Filmin verdiği açıya göre değişecek sempati. Eğer ki baş rol kötüyse sempati ve hayranlık duyulabilir çünkü iyilik ve kötülük kişiye olaya göre değişen bir kavramdır. Gerçek hayatın kurgusal yansımasıdır filmler. Bundan size iyi gelen bir durum bir başkası için kötü bir sonuç doğurabilir. Filmlerde de bakış açısı evrilerek kötü karaktere sempati duyulması sağlanır. Bir seri katilin hikayesinin anlatıldığı bir filmde seri katile sempati duymak hayranlık beslemek olağandır.
Hatta karındeşen jack in öldürdüğü insanlardansa karındeşen sevilir. Çünkü merak kurbanda değil katilde yoğunlaşır.
Yahut film kalitesiz ve karakterler aptallık sınırını zorluyorsa yine kötü rol daha çekici gelir.

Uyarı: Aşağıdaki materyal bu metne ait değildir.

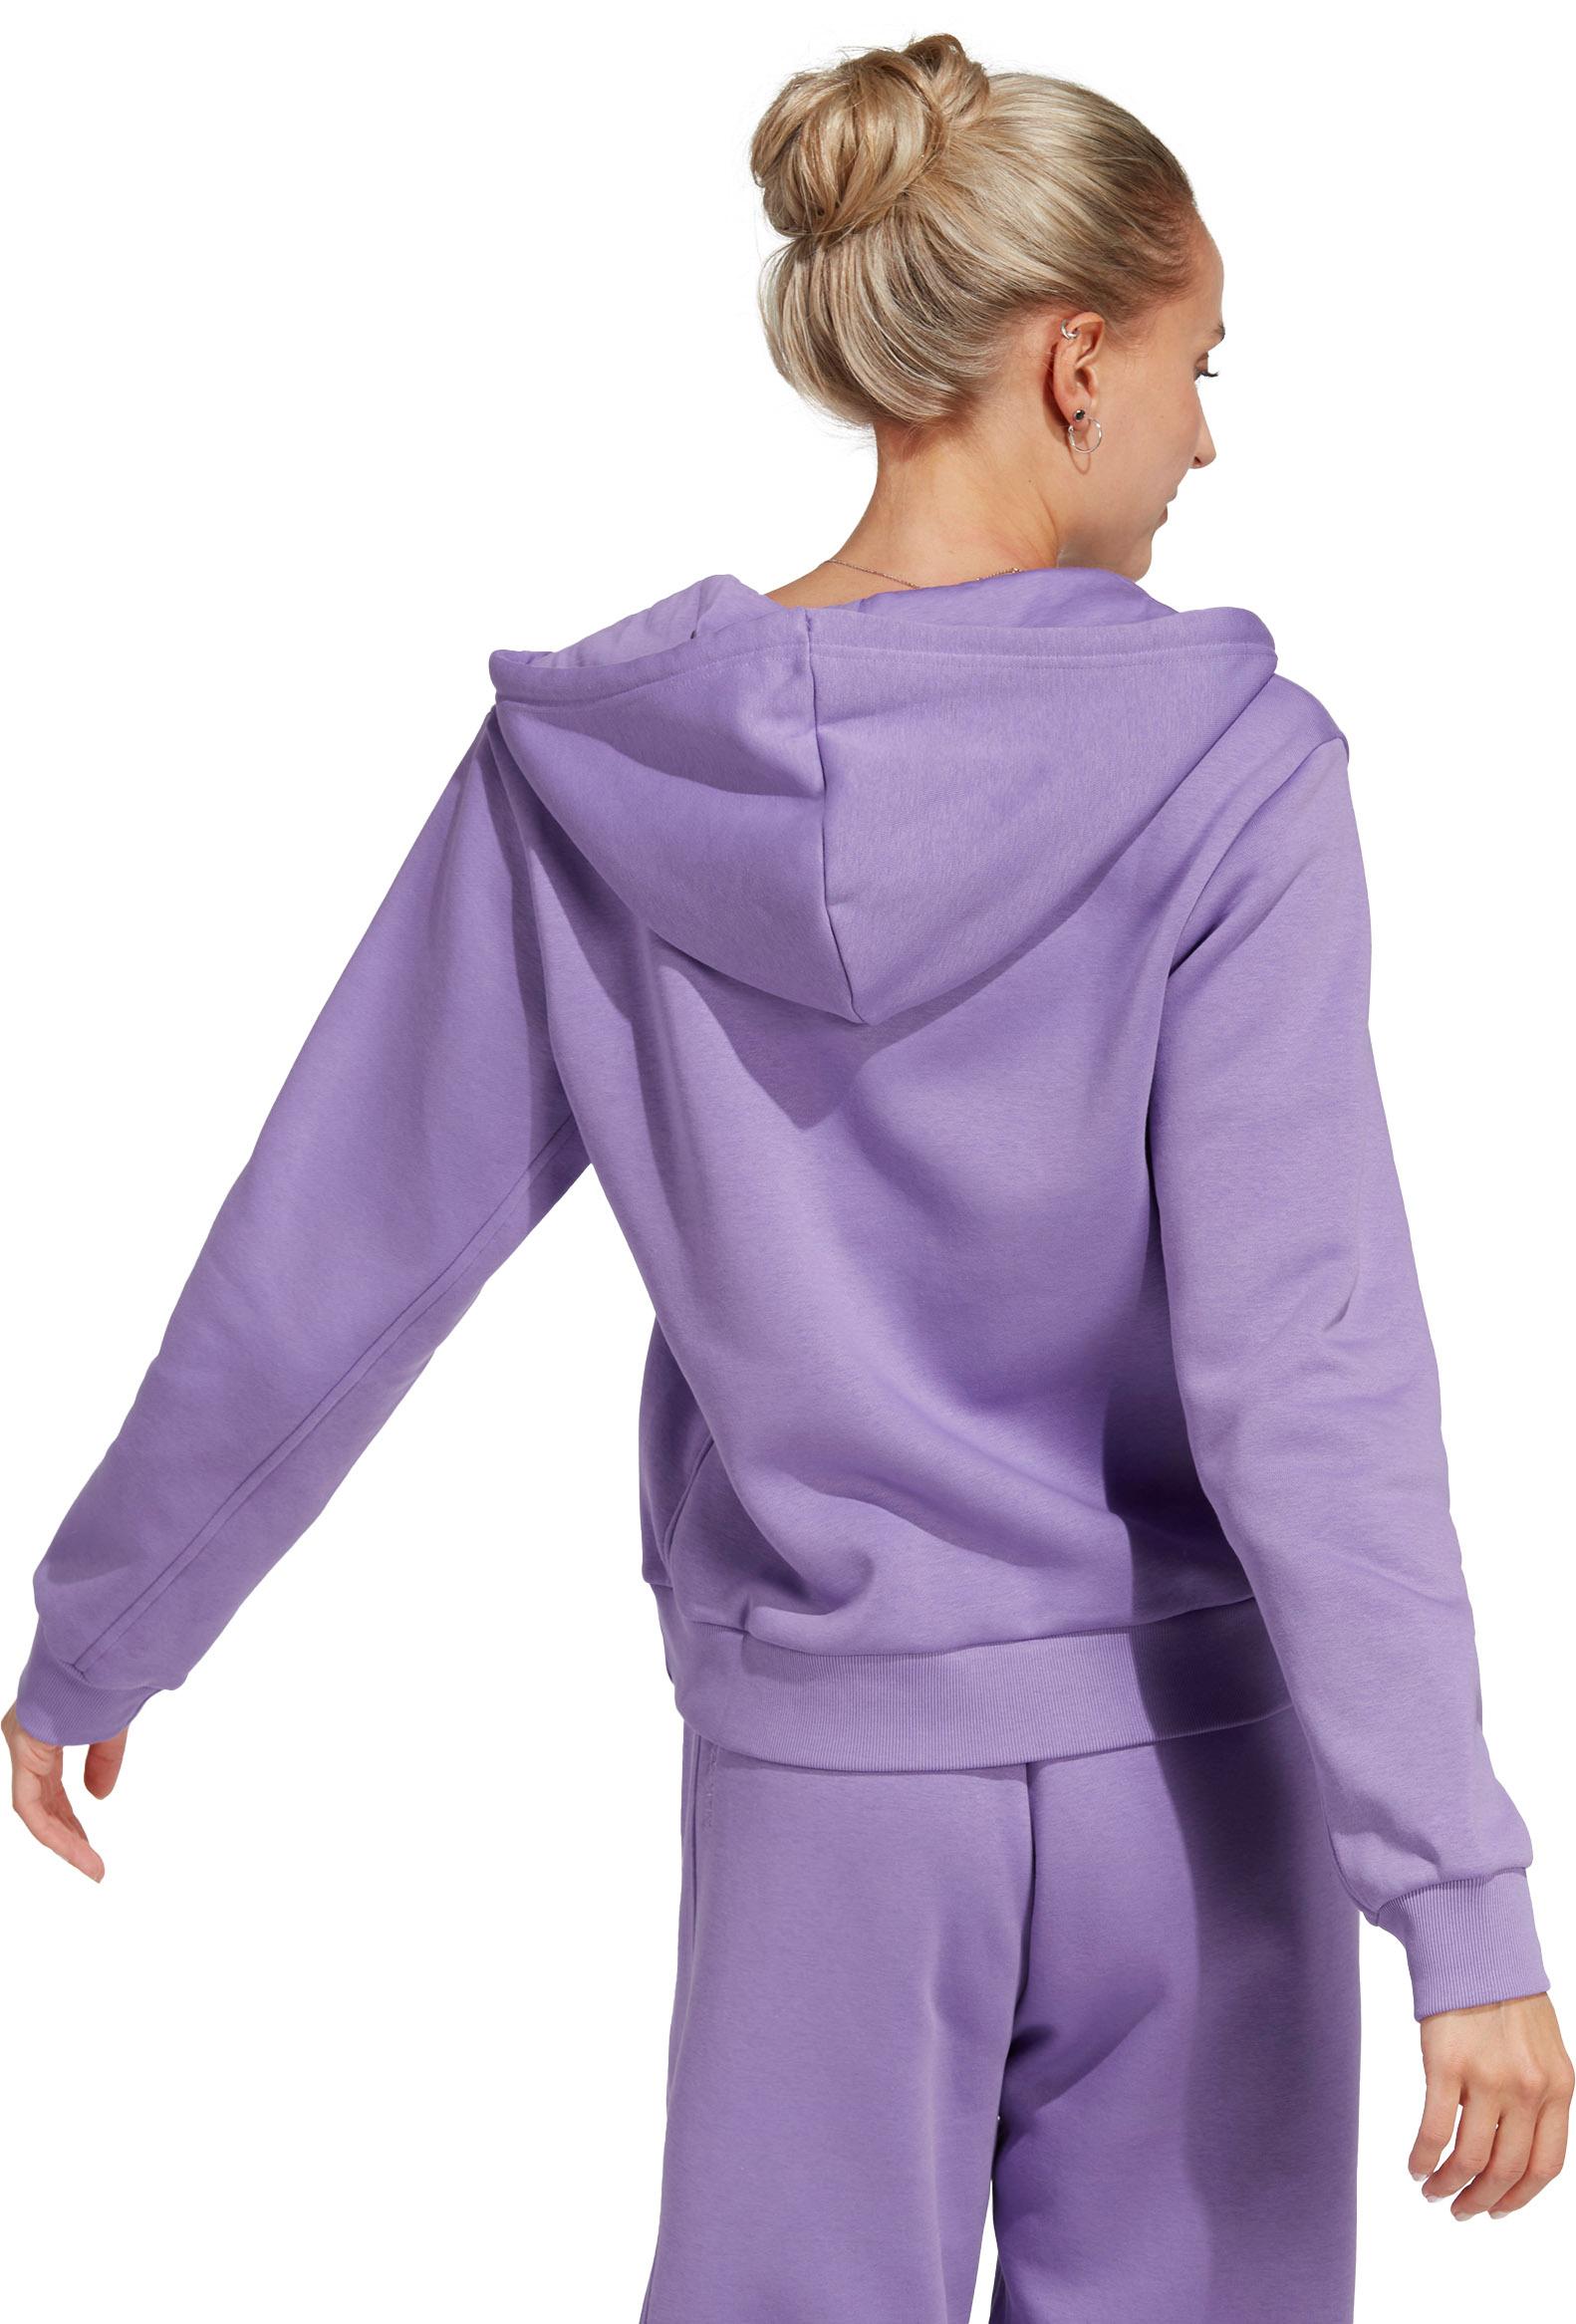 Adidas All Szn Sweatjacke Damen kaufen SportScheck Online im Shop von fusion violet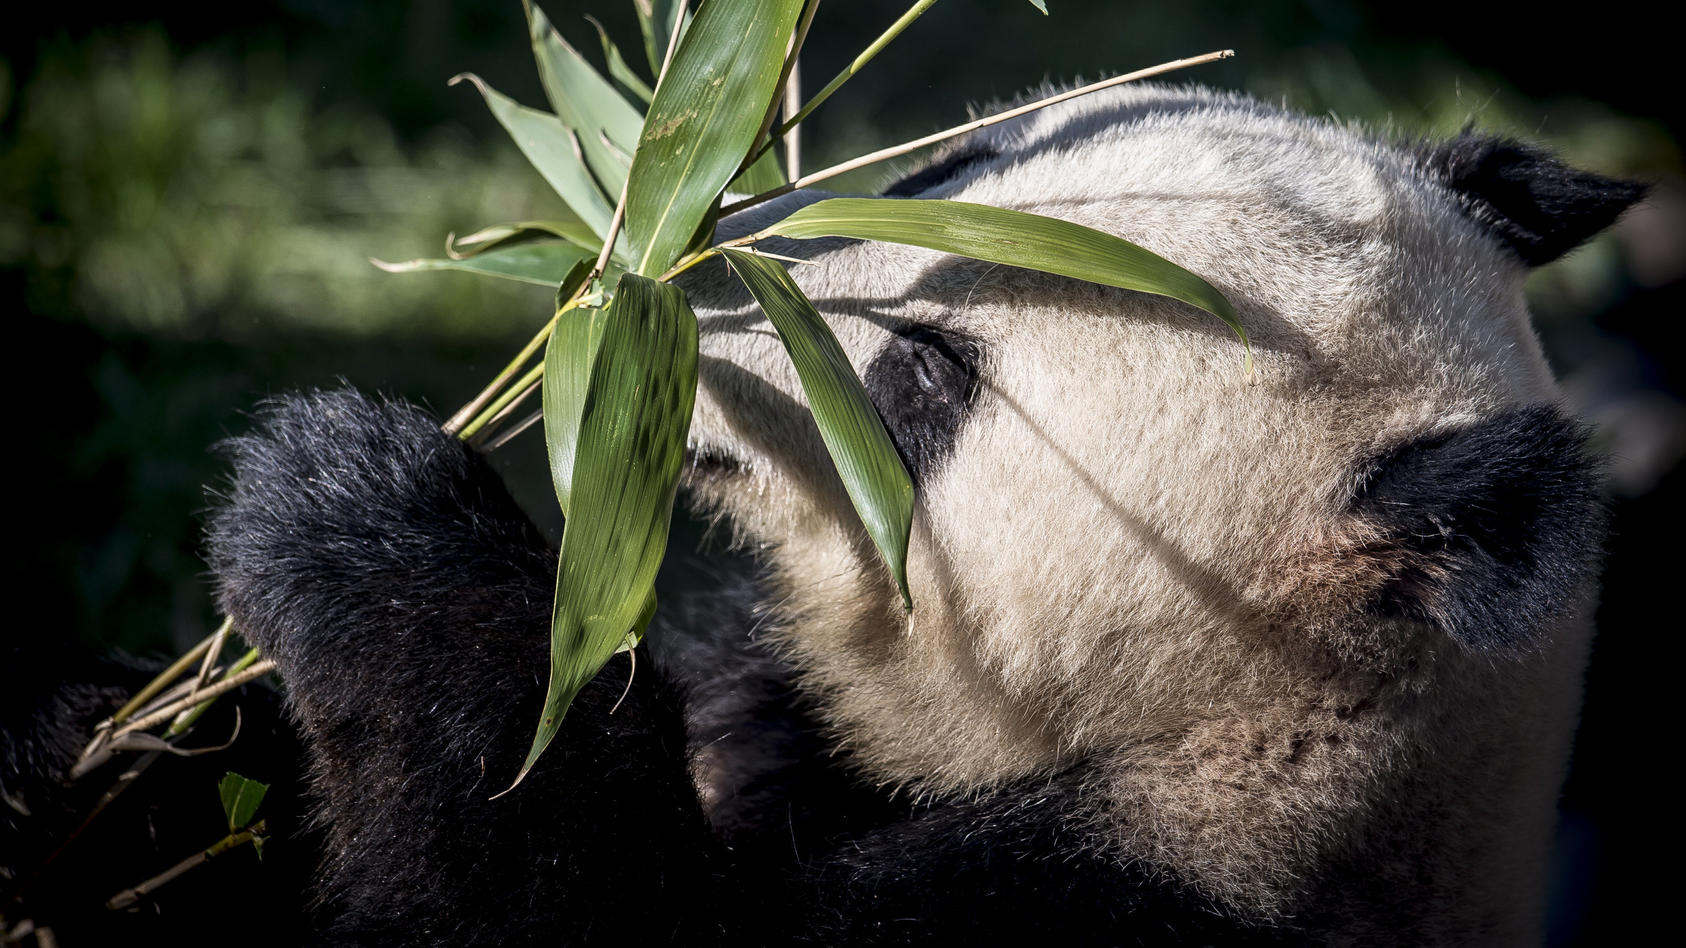 ARCHIV - 10.04.2019, Dänemark, Kopenhagen: Der Panda Xing Er spielt in seinem neuen Gehege mit einer Pflanze.(zu dpa: "Kopenhagener Zoo will Panda mit importiertem Urin zur Paarung bewegen") Foto: Mads Claus Rasmussen/Ritzau Scanpix/AP/dpa +++ dpa-Bi

Hitleri yeren bir filmde hitlerden nefret edip, hitleri daha yumuşak hatlarıyla veren bir filmde hitlerden hoşlanabilirsiniz.
Yani bu biraz zihni parçalamak gibi. iyiyle kötüyü karıştırmak.
Dövüş kulübü, gemide, otomatik portakal... örnekler çoğalır.
Dizileri ele alırsak suç ögesi taşıyan karakterler sevilebilir ki bir döneme damgasını vuran kurtlar vadisi buna örnek oradaki o mafya adamlarının sevildiği özenildiği aşikardı.